This repository contains a tensorflow implementation of SqueezeNext, a hardware-aware neural network design.
@article{DBLP:journals/corr/abs-1803-10615,
author = {Amir Gholami and
Kiseok Kwon and
Bichen Wu and
Zizheng Tai and
Xiangyu Yue and
Peter H. Jin and
Sicheng Zhao and
Kurt Keutzer},
title = {SqueezeNext: Hardware-Aware Neural Network Design},
journal = {CoRR},
volume = {abs/1803.10615},
year = {2018},
url = {http://arxiv.org/abs/1803.10615},
archivePrefix = {arXiv},
eprint = {1803.10615},
timestamp = {Wed, 11 Apr 2018 17:54:17 +0200},
biburl = {https://dblp.org/rec/bib/journals/corr/abs-1803-10615},
bibsource = {dblp computer science bibliography, https://dblp.org}
}
Using the data from the paper, original caffe version on github and other sources I tried to recreate the 1.0-SqueezeNext-23 model as closely as possible. The model achieved a 56% top 1 accuracy on validation set and a 80% top 5 accuracy on the validation set. This is about 3% under the reported results. Causes for this could be that the network was trained with a batch size of 256 instead of 1024, and because of the the number of steps required for 120 epochs increased 4 fold. The learning rate schedule was modified to account for the lower batch size and the increased number of steps.
This configuration (stored in the v_1_0_SqNxt_23 config) can be downloaded from here v_1_0_SqNxt_23_mod.

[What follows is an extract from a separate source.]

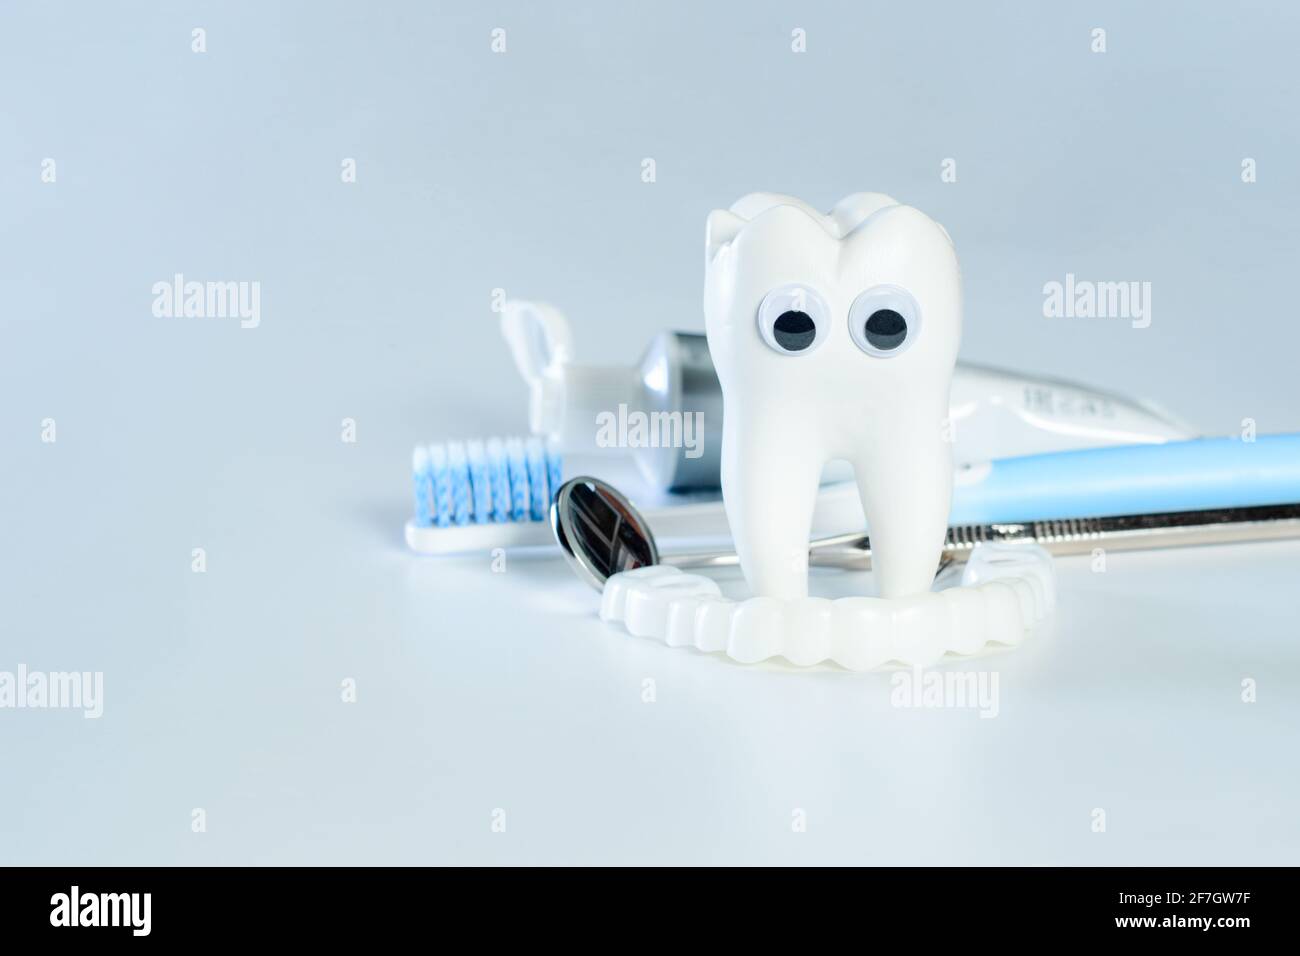 Weißer großer gesunder Zahn mit guten Augen schaut auf falsche Zähne. Daneben gibt es verschiedene Werkzeuge für die Zahnpflege. Stockfoto

This implementation was made using version 1.8 of the tensorflow api. Earlier versions are untested, and may not work due to the use of some recently added functions for data loading and processing.
-
Make sure tensorflow 1.8 or higher is by running:
python -c 'import tensorflow as tf; print(tf.__version__)' # for Python 2 python3 -c 'import tensorflow as tf; print(tf.__version__)' # for Python 3
And verifying the output is 1.8.0 or above.
-
Clone this repository:
git clone https://github.com/Timen/squeezenext-tensorflow.git
-
Install requirements:
pip install -r requirements.txt
SqueezeNext like most other classifiers is trained with the ImageNet dataset (http://www.image-net.org/). One can download the data from the afromentioned website, however this can be rather slow so I recommend downloading the dataset using torrents available on (http://academictorrents.com/) namely:
Training Images, Validation Images and Bounding Box Annotations
Please note one should still abide by the original License agreement of the Imagenet dataset. After downloading these files please perform the following steps to prepare the dataset.
-
Create a directory used for processing and storing the dataset. Please note you should have at least around 500 GB of free space available on the drive you are processing the dataset. Once this directory is created copy the 3 files downloaded earlier to the root of this directory from that directory execute the following command:
export DATA_DIR=$(pwd)
-
Execute the following command from this projects root folder:
bash datasets/process_downloaded_imagenet.sh $DATA_DIR
Where $DATA_DIR is the root of the directory created to hold the 3 downloaded files.
-
Wait for processing to finish. The script process_downloaded_imagenet.sh will automatically extract the tarballs and process al the data into tf-records. The whole process can take between 2 and 5 hours depending on how fast the hard drive and cpu are.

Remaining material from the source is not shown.